Earlier in the day, at the Omega Dubai Desert Classic, long-hitting Spaniard Alvaro Quiros had a mirac of his own, the “three-quarter wedge” he said he hit at the 161-yard 11th that landed soft, released, and curled into the hole.  The eagle, his second of the round, helped him overcome a triple-bogey 7 on the 8th hole — earned when his tee shot landed in a bush and his recovery got stuck in a palm tree – and he held on for a one-shot victory.

While Lee Westwood, Sergio Garcia, Rory McIlroy, and Other Notables including Tiger Woods were fading on Sunday in Dubai, the team of Points and Murray was locking down the most unlikely win of the year.  It was the first time the two had played together, nineteen years after Murray first brought his peculiar talents to the former Crosby Clambake.

The old Pebble Beach pro-am was Bing Crosby’s gathering of his A-list friends with the PGA Tour’s best.  In the days before People and E!, the tournament provided a rare glimpse of movie and sports stars being themselves.  But as the years went by, the entertainment end became strained and the celebrity factor diminished considerably.  Bill Murray became virtually the only figure who could be counted on for on-course comedy, whether in the form of unfortunate headgear, cracks to the gallery, or dancing with a spectator through a sand trap.

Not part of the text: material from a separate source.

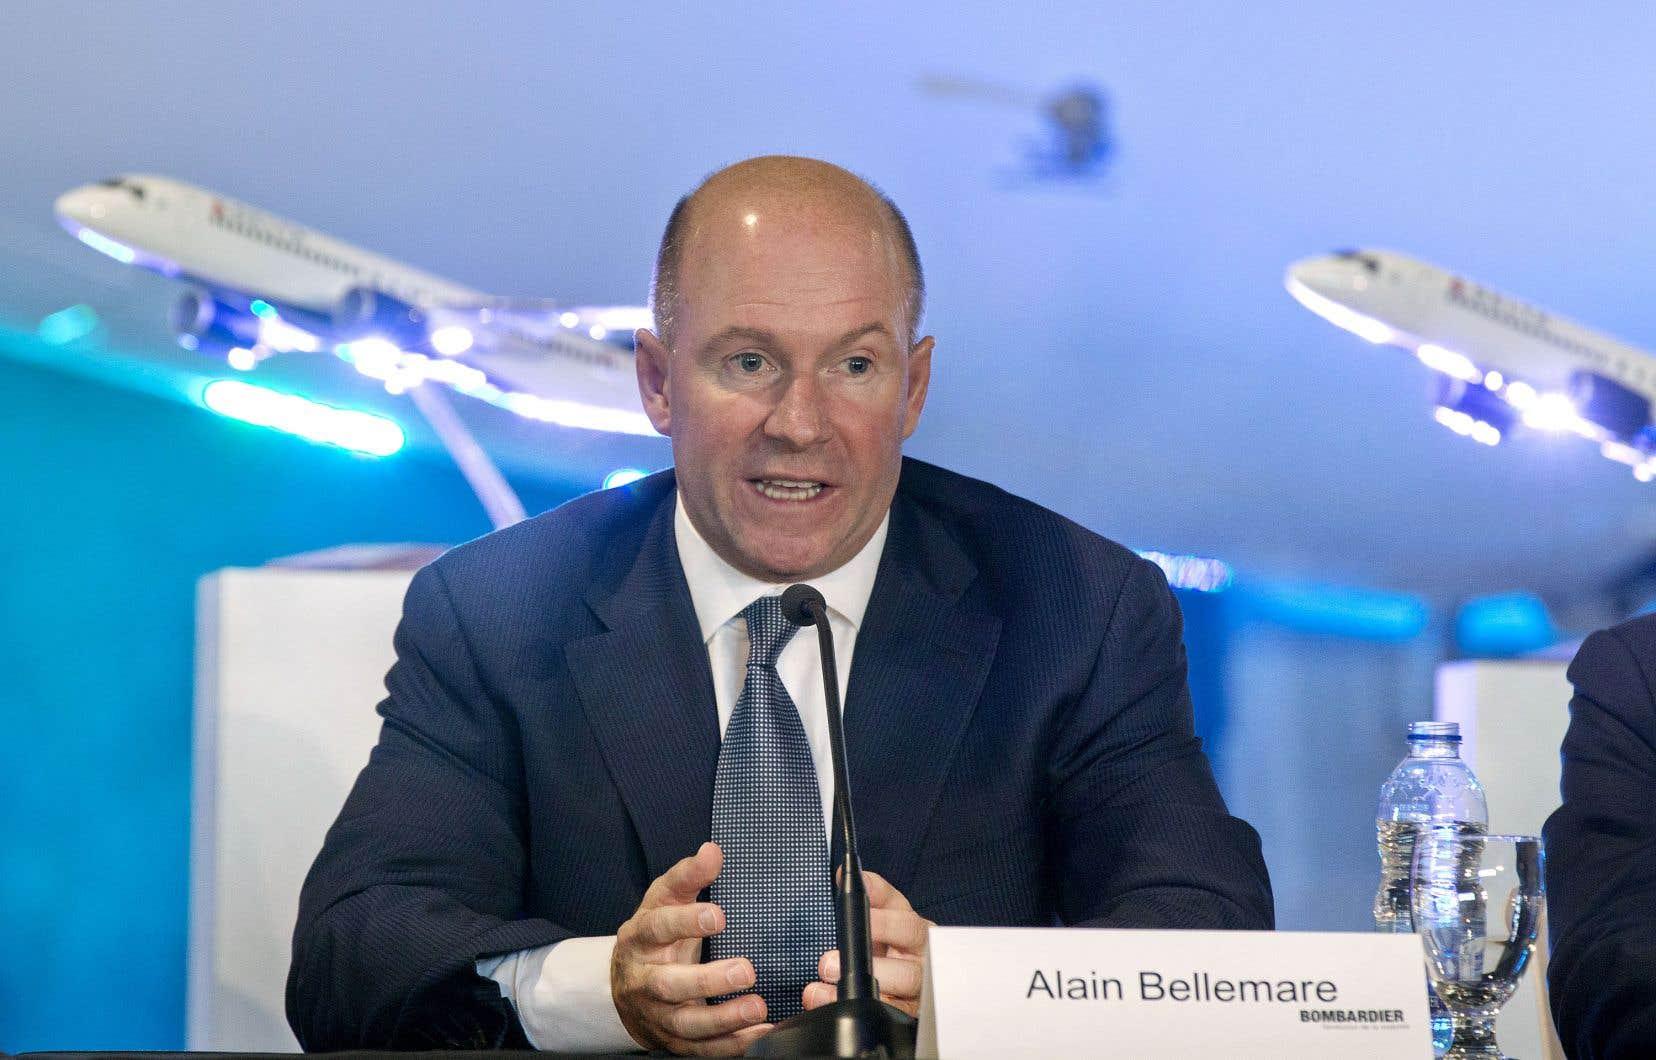 Le président et chef de la direction de Bombardier, Alain Bellemare, a tenté de régler le différend avec Mitsubishi à propos d'un vol présumé de propriété intellectuelle.
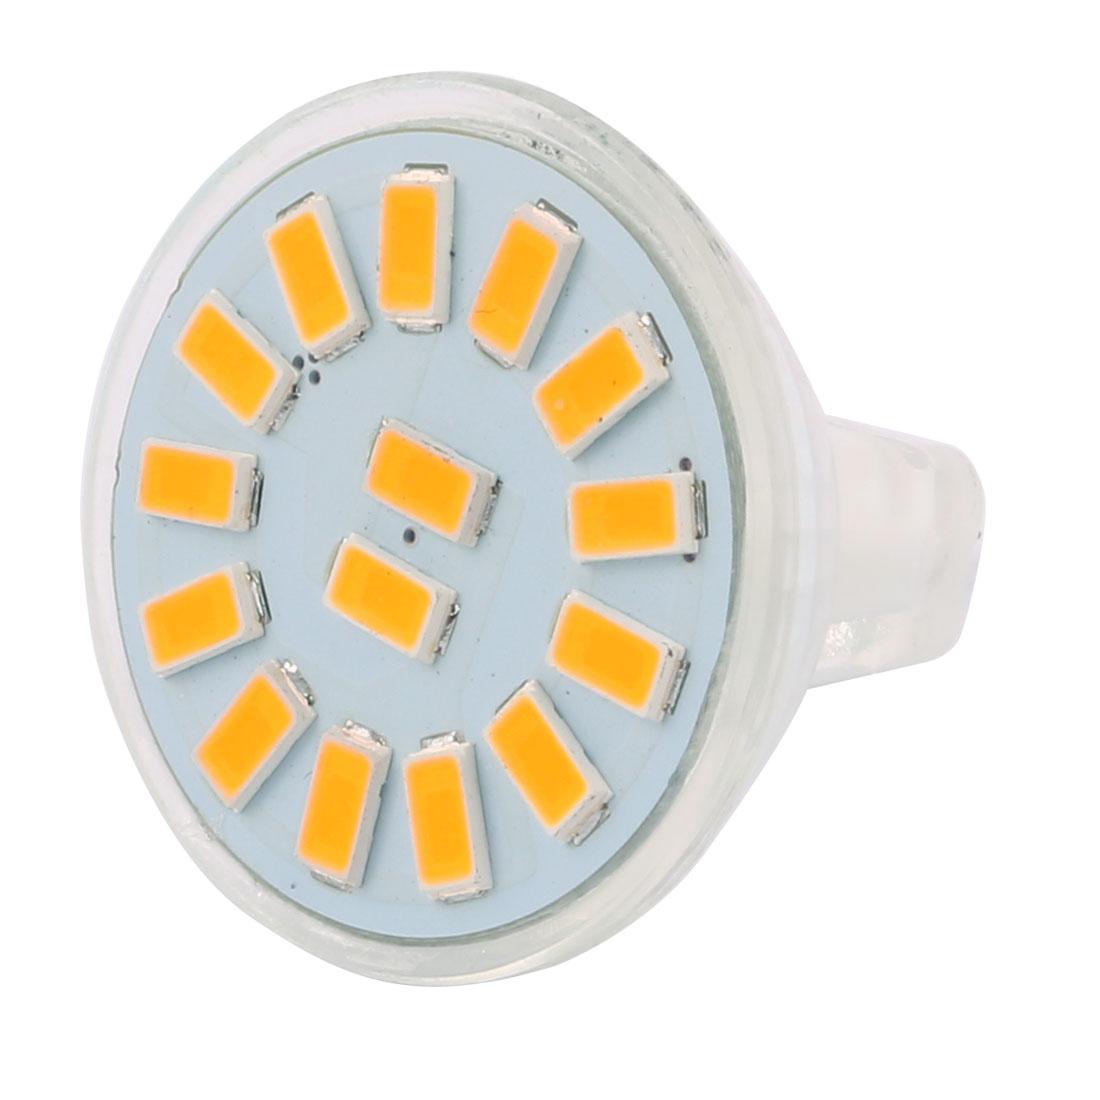 DC 12V 4W MR11 5733 SMD 15 LEDs LED Bulb Light Spotlight Lamp Lighting Warm White

“Everybody all week kept saying, well, you got the short end of the stick,” Points said after the tournament.  “I kept thinking, you know, why does everybody get so worked up thinking he’s this big distraction?… (H)e just seemed to have fun and he taught me to go ahead and have a little more fun, and in turn it distracted me from trying so hard.”

Points mentioned a moment in the final round when Murray’s presence proved a vital difference for him.  After his eagle on 14 and a birdie on 15 that followed a duck-hooked drive that nearly wound up out of bounds, Points was in unfamiliar territory, leading a PGA Tour event as he played the closing holes.

On the 16th green, facing a tricky four- or five-footer for par, Points heard his caddie ask him how he was doing.  “Not very good,” the leader replied honestly.  After marking his ball, Points looked over and saw Murray about to putt for par from the edge of the green.  Echoing Murray’s words on several occasions in the first three rounds, Points called out loudly, “You know, Bill, the crowd would really enjoy it if you would make this putt.”  The gallery laughed, and Murray hit a great forty-footer that nearly went in; pulling for his partner took Points away from his nervousness, and he calmly stroked his par putt into the cup.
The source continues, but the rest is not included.